Colleen MacNamara, director of housing services for Access Services, said that its street outreach team currently serves 150 single adults, and that around 75 of them would want to enter a shelter. CHOC is at capacity, and there are always folks waiting to get in year-round, according to its director, Christina Jordan.
Rents in Norristown are up nearly 4 percent from 2019, said Silver. According to a county housing affordability study released in May 2021, roughly more than half of renters in Montco are paying more than 30% of their monthly income toward their rent.
In September, the remnants of Hurricane Ida wiped out 124 affordable housing units in Norristown, a gut punch to a county already lacking in them. The hurricane also left 142 households, 316 people, in 157 emergency hotel rooms provided by the county.
Mark Boorse, director of program development with Access Services, which does outreach to people without housing in several eastern Pennsylvania counties, has concerns about the shelter being moved far from Norristown. That could come at the cost of removing people from their networks of support that exist outside, like their “social connections,” said Boorse.
Individuals from Norristown could also have a harder time just reaching the shelter. Silver said they are predicting the “probable need” for extra transportation services, though, and will support RHD and Access Services in those endeavors.
Norristown Municipal Council member Hakim Jones finds himself feeling in the middle of the issue.
“It’s a tough situation, whatever way you look at it,” said Jones. He is supportive of Norristown’s redevelopment projects, which would bring in mixed-use developments.
Plans for CHOC’s land are yet to be decided, said Jones, but Norristown is “long overdue” for “relief to longtime homeowners and longtime residents who want to see more in their community.”

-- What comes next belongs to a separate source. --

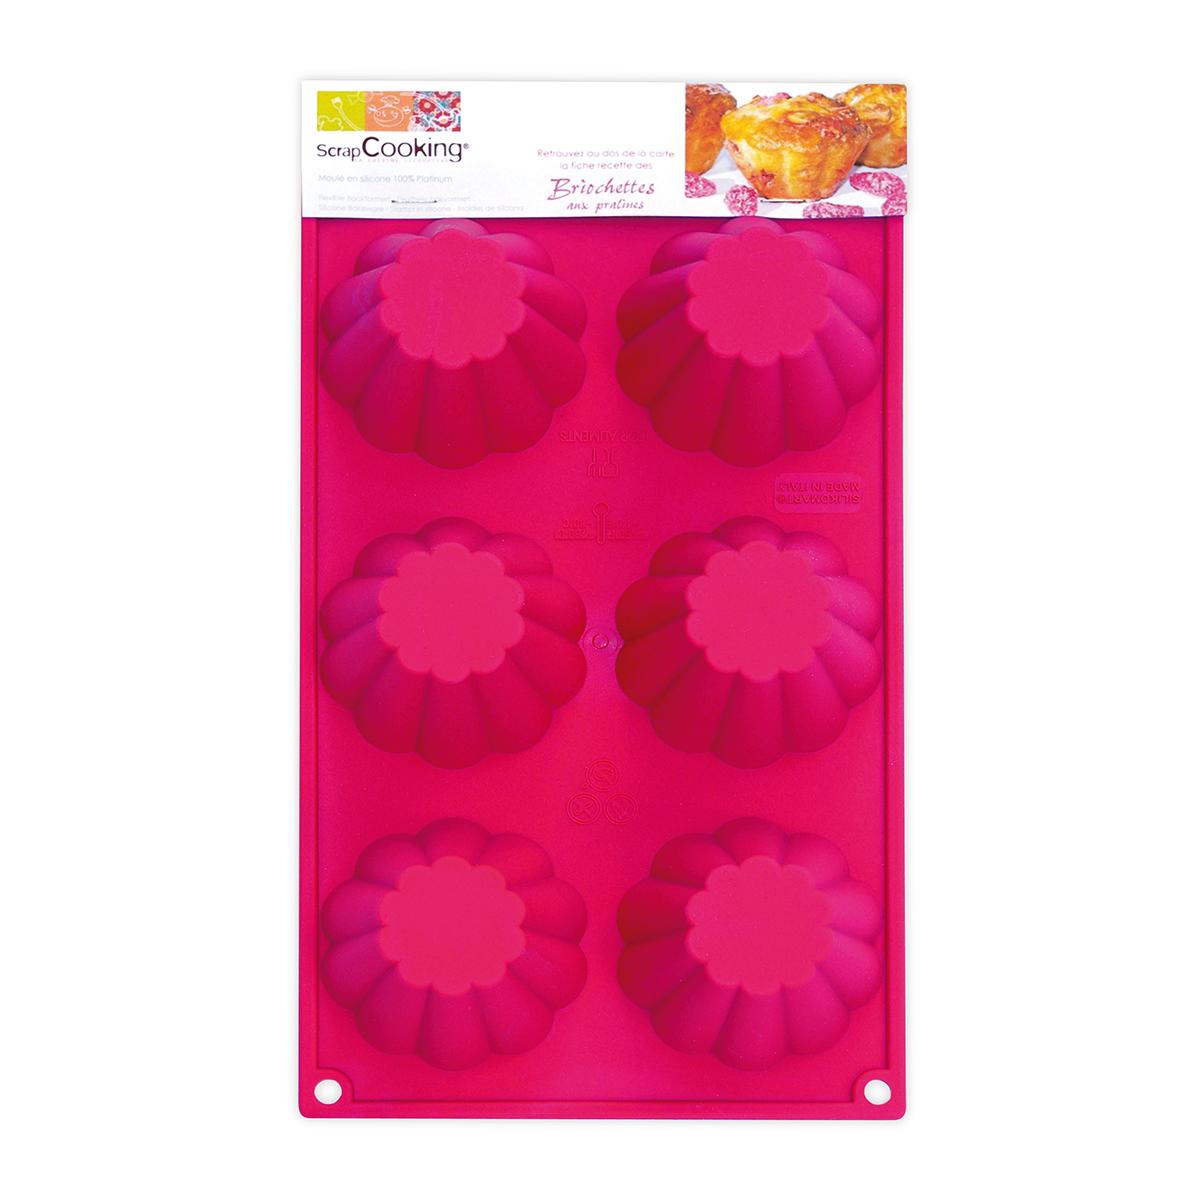 Image du produit Moules - 6 briochettes - Scrapcooking

Norristown’s municipal leaders have said the town is 20 years behind its neighbors, and Jones said he hopes redevelopment would help lower taxes and stimulate more commercial activity.

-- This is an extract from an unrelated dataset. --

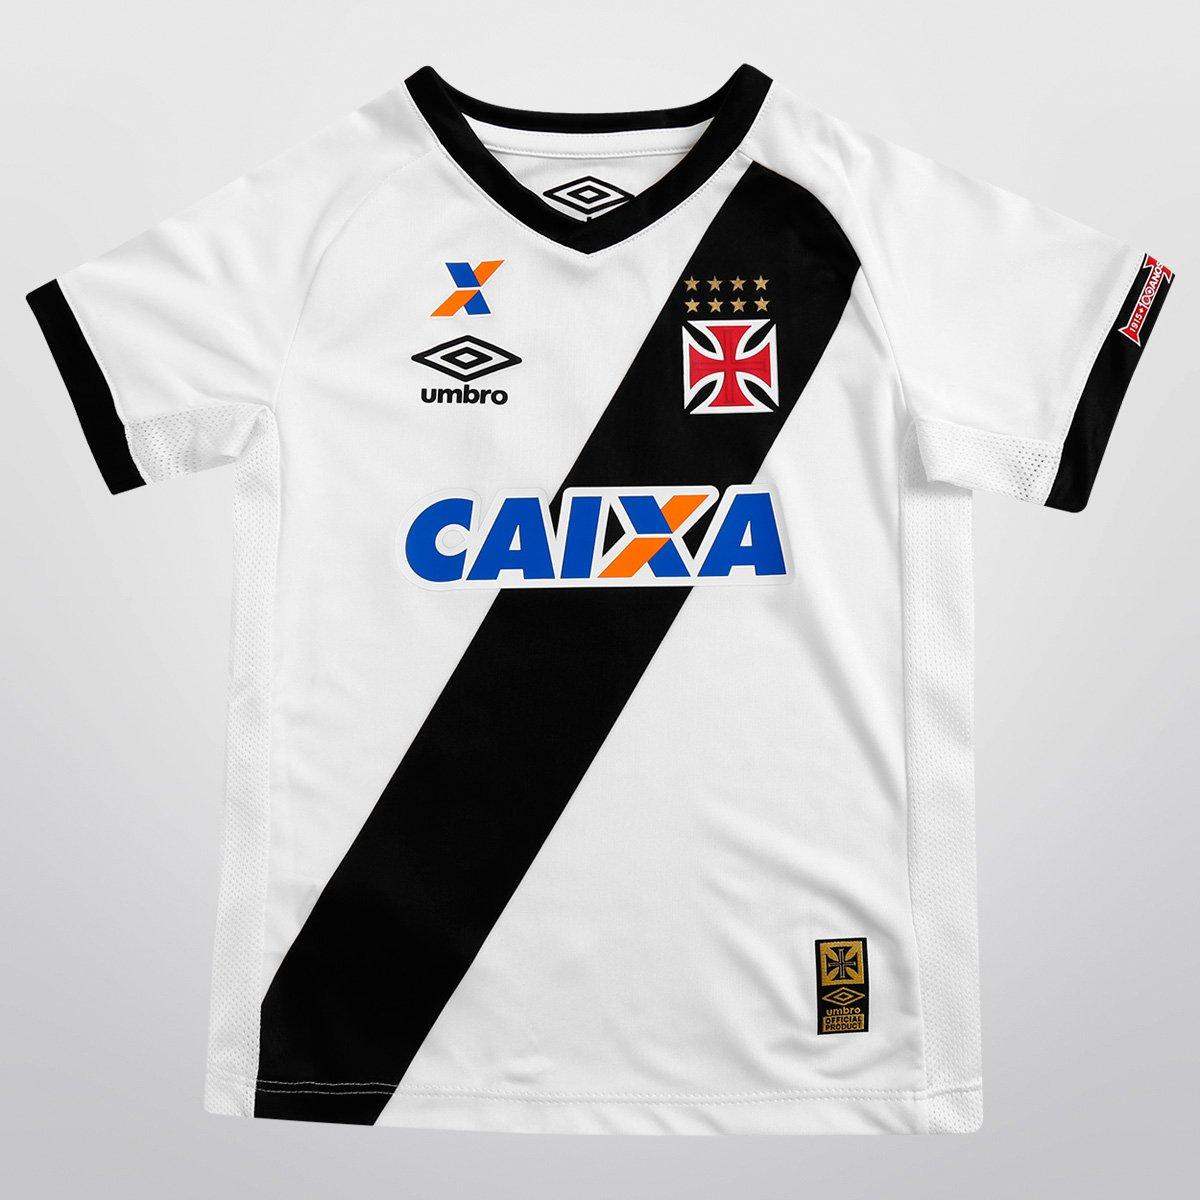 a92ac23d71731 Camisa Umbro Vasco II 15 16 s nº Infantil - Compre Agora

In terms of supporting Norristown’s homeless population, though, Jones pointed to wealthier communities for help.
“I do think there’s other communities, other hubs, who can help us with this burden,” said Jones. “We’re stretched thin. Every year, we see a deficit, and we pray that we don’t have to raise taxes on residents.”

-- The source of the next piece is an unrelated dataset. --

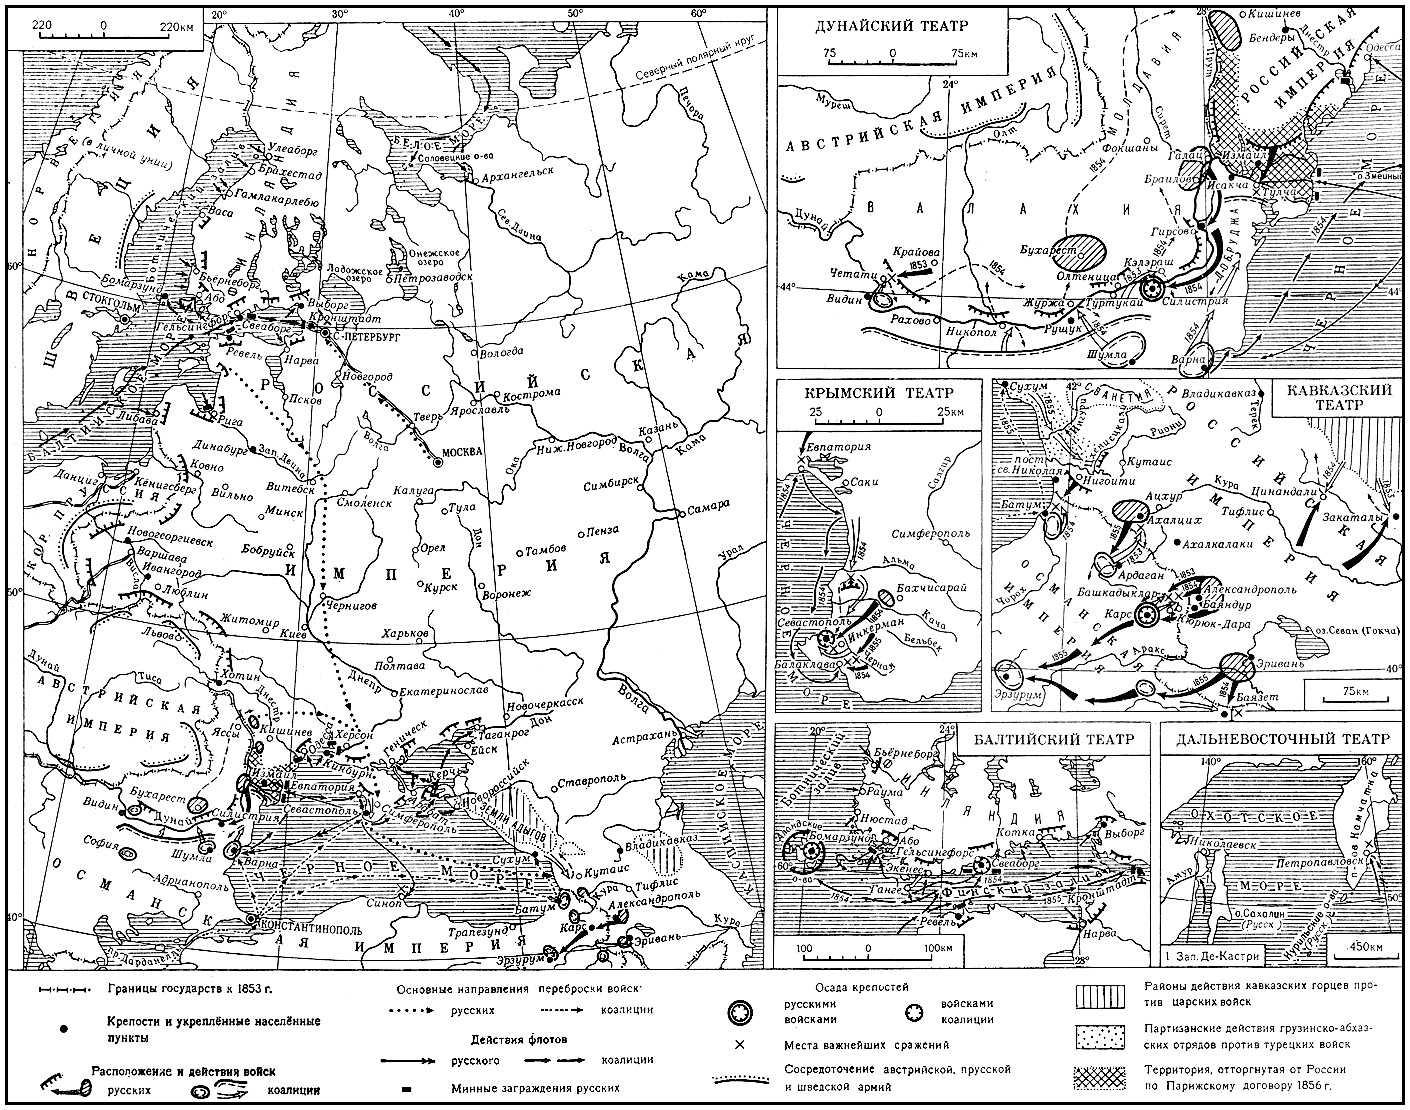 Крымская война 1853—56 гг. Крымская война 1853-56.

But for Silver, moving people in need of housing isn’t the solution. “We can’t make homelessness go away by moving them around. We shouldn’t.”
Boorse sees NIMBY-ism as related to fear, which, he said, is like “contempt prior to investigation.” He said homeless individuals are often criminalized and demonized and blamed for their current situations, as opposed to blame falling on the larger inequitable systems that help put them there.
“Oftentimes, they’ve not investigated that [fear],” said Boorse, “so there’s a generalized fear of ‘property values will go down, there will be an increase of drug use in this neighborhood.’”
Boorse said the responsibility for ending homelessness in Montgomery County lies on everyone, every town, and on larger system change to create better networks of support.
“I think what it takes is a commitment on the community’s part to say, `We need to take care of all the people of our community,’” said Boorse. “And also a commitment to say the answer isn’t pushing them down the road. The answer is saying, ‘They’re part of our community.’”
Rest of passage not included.